Patrick often sported a baseball cap and sunglasses to shield himself and blend in. He also has artificial ears.“I had kids. It was just a tough time. I never got a day off from the injury. When you walk out in public, it was daily. And, you know, it’s just so — there’s no way to explain everything,” he told Yahoo! Sports.
“You go to the ball field, you have to prepare yourself for the kid that goes running off screaming.”
Patrick eventually gave up on ever leading a normal life as the years passed. But after having her face seriously scarred by her pet dog, a Frenchwoman by the name of Isabelle Dinoire underwent a partial face transplant. This process was ground-breaking. It was the first of its sort ever. It undoubtedly gave Patrick, who was at that moment genuinely struggling, a glimmer of optimism.
When Patrick contacted Dr. Eduardo D. Rodriguez from the NYU Langone Medical Center in New York, he was informed that if a suitable donor could be found, he would perform the transplant procedure. Though it wasn’t always simple, a donor unexpectedly showed up one day. A match had been made.
David Rodebaugh, 26, who had suffered a severe head injury in a cycling accident and had been pronounced brain dead, was about to get on belonged to Patrick.
This young man’s mother, Nancy Millar, decided to donate her son’s organs, including his face. “I said, ‘You better save his face. He has the face of a porcelain doll.’ And he’s a donor — we had talked about it,” Millar explained.
The thought of someone receiving her son’s face meant that David would continue to live on through the people whose lives he was about to save, including Patrick’s.
“When I met Patrick, I saw this strength, this strong, manly, burly kind of energy in him — that David had,” Nancy recalled.
“David wanted to be a firefighter, and I knew if this guy was a firefighter — he was willing to walk into a fire to save people and risk his own life — then he had the strength that David had.”
The day of the transplant operation had finally come. A group of 100 experts worked together to complete the surgery, which took 26 arduous hours.
Patrick was given a 50/50 chance of surviving because the risk was so great. Fortunately, it was a rousing success. Patrick’s face, scalp, ears, and ear canals were all replaced. Additionally, he got eyelids, which let him blink normally and preserved his vision.
“Everything in life has a risk,” Patrick remarked.
“When it’s your time to go, you’ll go—whether you’re walking down the street and get hit by a car or you’re lying on the operating table.”
Patrick got to know his donor’s mother once the swelling subsided and he regained his speech and swallowing abilities. Nancy merely wanted Patrick to give her a forehead kiss.
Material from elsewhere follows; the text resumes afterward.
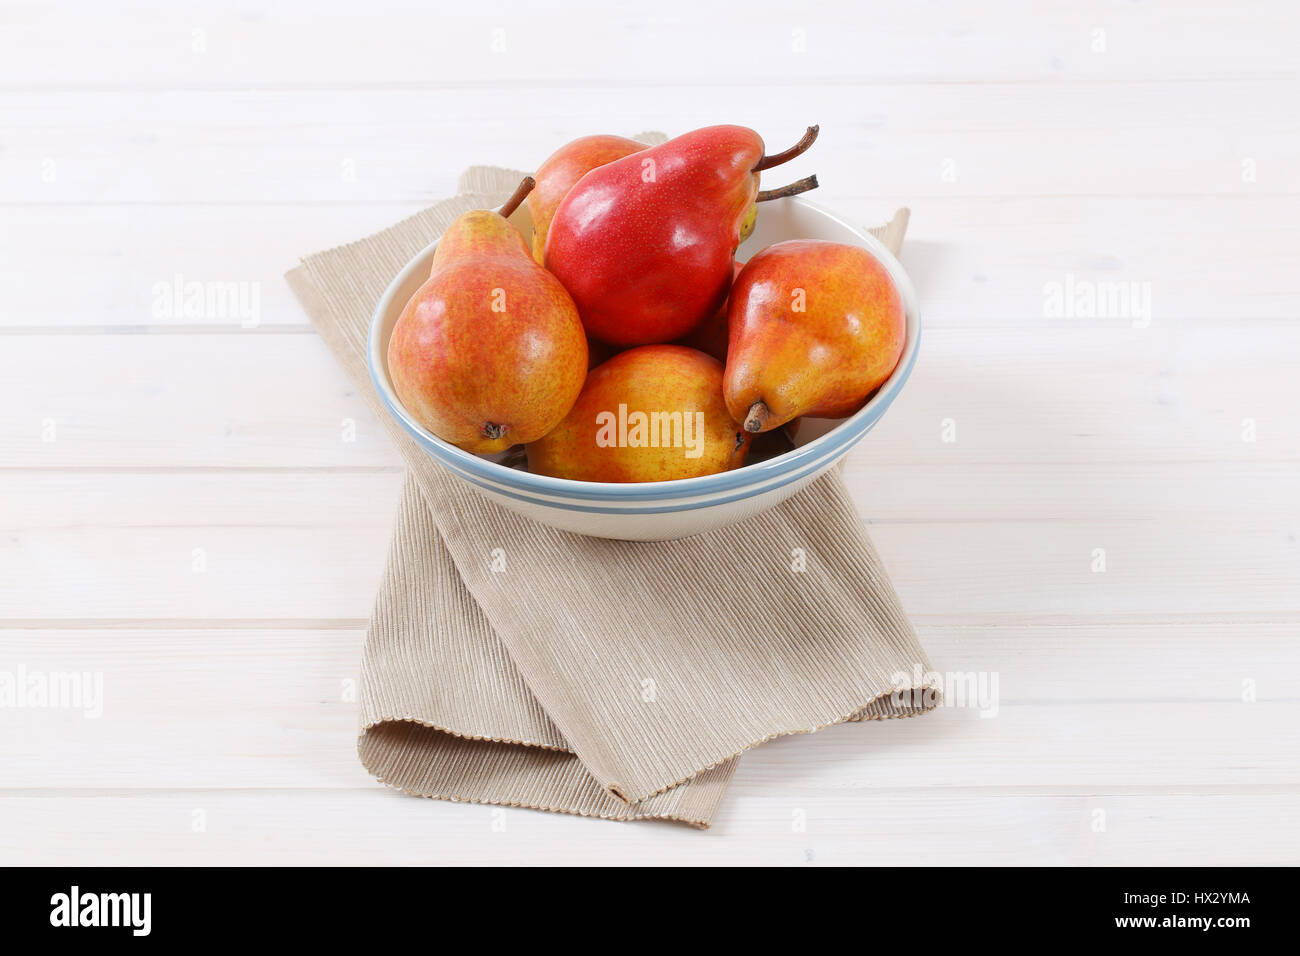 bowl of ripe red pears on white background Stock Photo

“I said, ‘Can I kiss your forehead?’” Nancy said. “That’s the one thing I wanted to do because every night before David went to bed when he was little, I kissed his forehead.”
“I’ve been waiting a year to meet her. I’m just very grateful,” Patrick added. “Without her, it wouldn’t have been possible. It’s like she’s family. We connected that easily.”
Patrick has been doing well despite using anti-rejection medications since the surgery to stop his immune system from rejecting the face. He not only got a new look, but also a new life.
He is currently divorced and writing a book that he hopes would inspire everyone who thinks there is no way out of the predicament they have found themselves in. “Because I want to show the world that you can have hope. I wouldn’t want people that were like me years ago to think that’s it, I have to live like this. You don’t. You can accomplish anything,” Patrick says.
His survival and his recovery are dubbed miraculous. Thanks to Nancy, Dr. Rodriguez, and his team, and Patrick’s strong will, today, he is a happy man.